Introduction

Extensible Markup Language (XML) is a markup language that provides rules to define any data. ndr_import allows that data to be mapped in the same way as tabular data.

XML can contain repeating data items/sections, which the column mappings would need to verbosely define. XML allows for unlimited repetition, so it would be very hard to have all columns accounted for.

NdrImport::Xml::Table only requires each column to appear in the mapping once. It will identify any repeating data item/section xpaths that haven’t been accounted for and create appropriate column mappings in memory.

The logic covers all current use cases; additional features may be needed if more use cases are identified.

NdrImport::Xml::Table

NdrImport::Xml::Table requires some additional configuration so that the “records” are correctly identified.

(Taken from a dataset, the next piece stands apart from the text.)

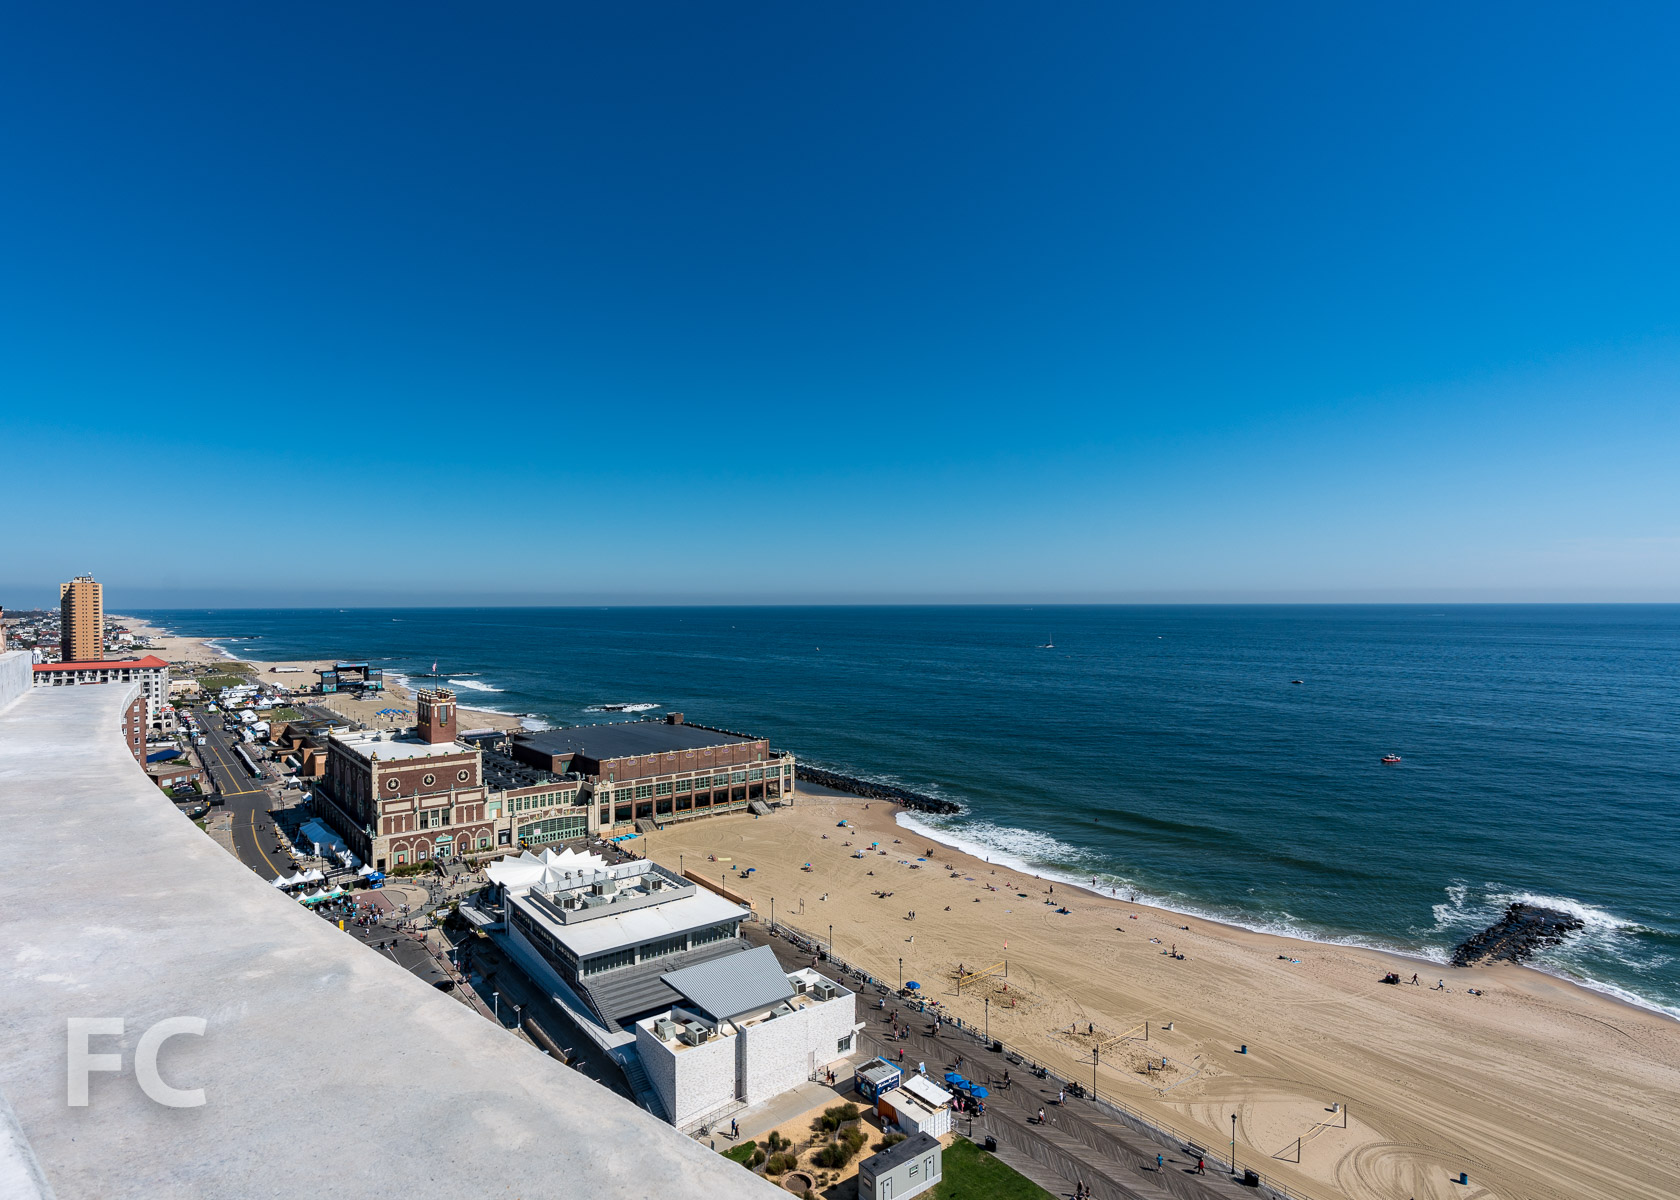 2018_09_30-Asbury Ocean Club-DSC07645.jpg

  • format - this should always be xml_table so that ndr_import knows which handler to use
  • xml_record_xpath - this is the xpath - relative to the root - that indicates the start of a new record
  • pattern_match_record_xpath - setting this true treats the xml_record_xpath as a regular expression; the default is to treat it as a string
  • slurp - setting this to true will ensure the data is slurped; the default is to stream the XML
  • yield_xml_record - setting this to true will yield all “klasses” created from a single XML record (identified by xml_record_xpath); the default is to yield per klass
  • xml_file_metadata - See xml file metadata

NdrImport::Xml::Table example:

Given the below example data:

<root>
  <records>
    <record_1>
      <data_item>value</data_item>
      <another_data_item>Another value</another_data_item>
    </record_1>
    <record_2>
      <data_item>value</data_item>
      <another_data_item>Another value</another_data_item>
    </record_2>
  </records>
</root>

The NdrImport::Xml::Table mapping might look like:

- !ruby/object:NdrImport::Xml::Table
  filename_pattern: !ruby/regexp //
  format: xml_table
  xml_record_xpath: 'records\/record_\d+'
  pattern_match_record_xpath: true
  slurp: false
  yield_xml_record: false
  columns:
  ...

Column mappings:

The column should be the data item node name.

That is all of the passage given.